So I have come to the realization that I feel depleted of my energy, time and other resources due to a couple of reasons. Being a stay at home mom, the bulk of my job description is to take care of the home and my family. Many times I place serving them and managing the house over myself. Unfortunately, this has caused resentment to grow and fester within me.
The resentment that has grown is because God gave me a charge (or as some call it a purpose) some months back, but every time I would dedicate some time to it, I would be interrupted by something my husband or daughter needed or just life in general. Of course, this would take me off track and I would not end up doing even one thing I wanted to accomplish. So I watched a Periscope today about being intentional by planning at least one thing to do to each day this week to get you closer to your goal. This got me thinking that I really need an action plan.
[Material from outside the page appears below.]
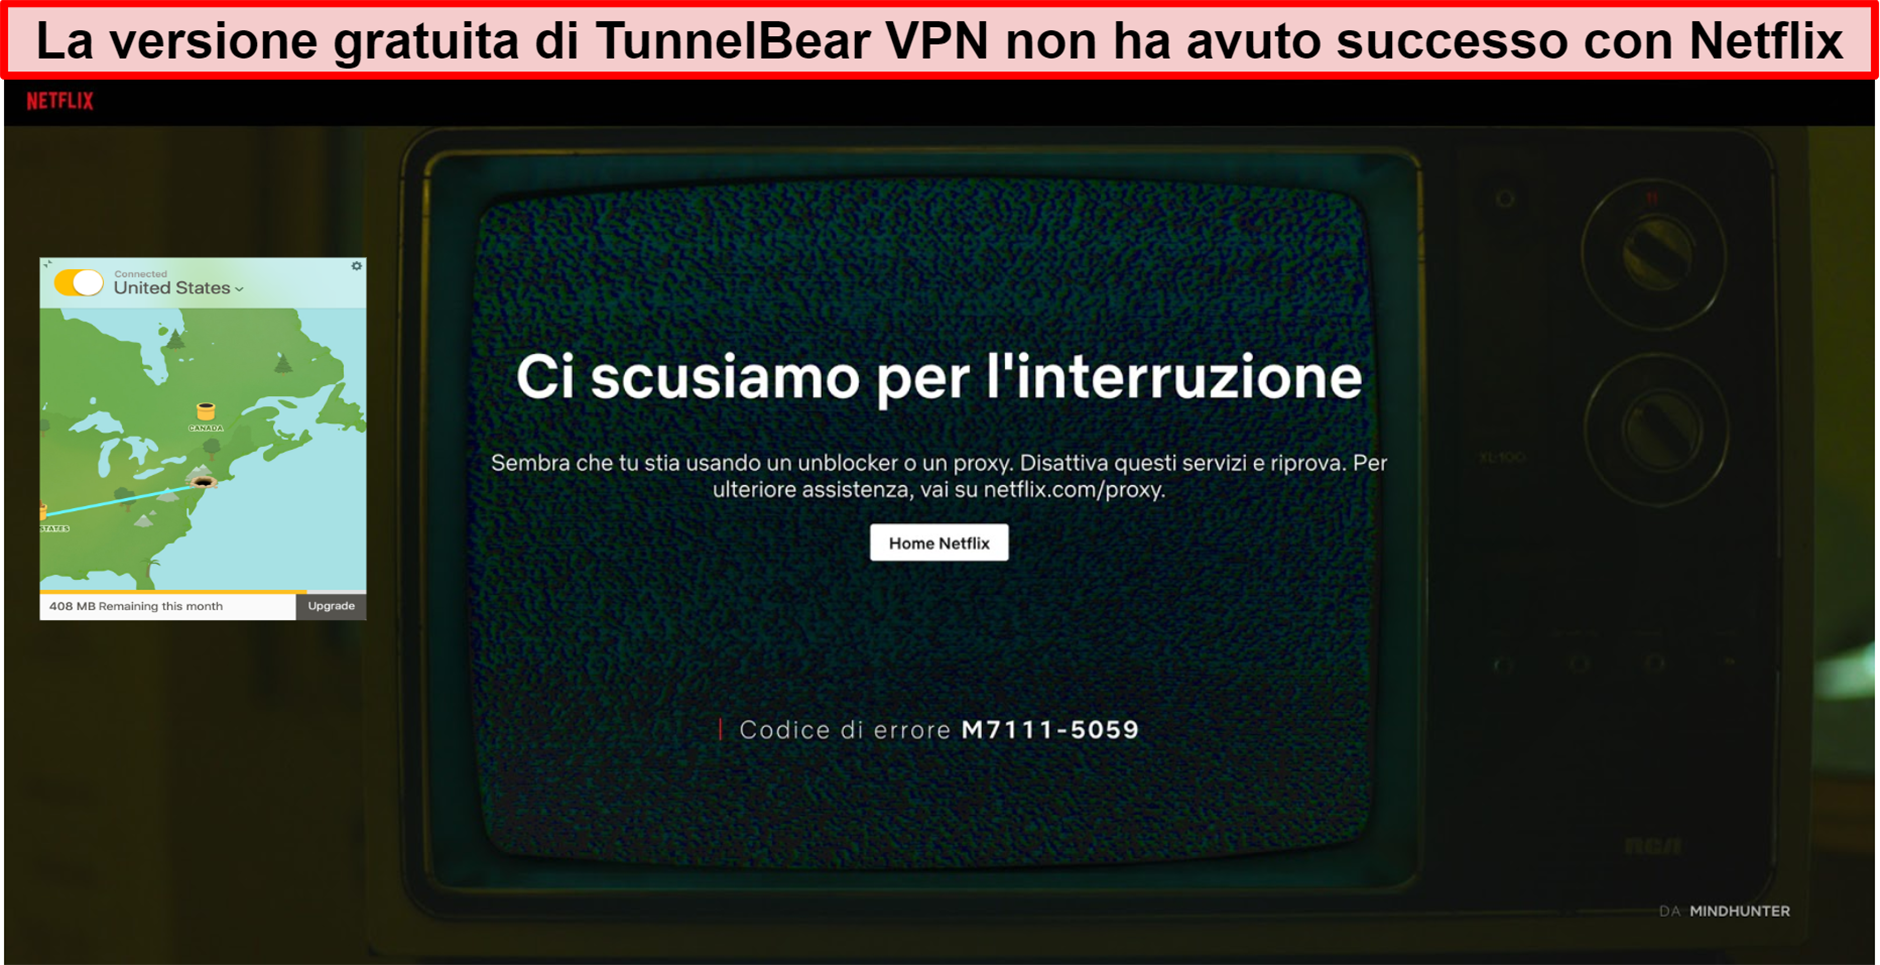 Schermata di TunnelBear VPN connessa agli Stati Uniti con Netflix che mostra il messaggio di errore di sblocco o proxy

I have spent most of my life going with the flow and just floating wherever life took me. I now see this philosophy for living has just wasted so much time, energy and resources. At least with a plan, I can learn to be more intentional about working toward the purpose God gave me. Also, I can even plan some much needed time to make sure I am fully recharged in order to give my family the best of me each day.
Well, I am willing to take on this challenge of planning my day even if it is just one thing I plan on doing to get closer to the goal set before me. James 2:17 KJV reminds us that "Even so faith, if it hath not works, is dead, being alone." So I have my faith and now I just need to get to work!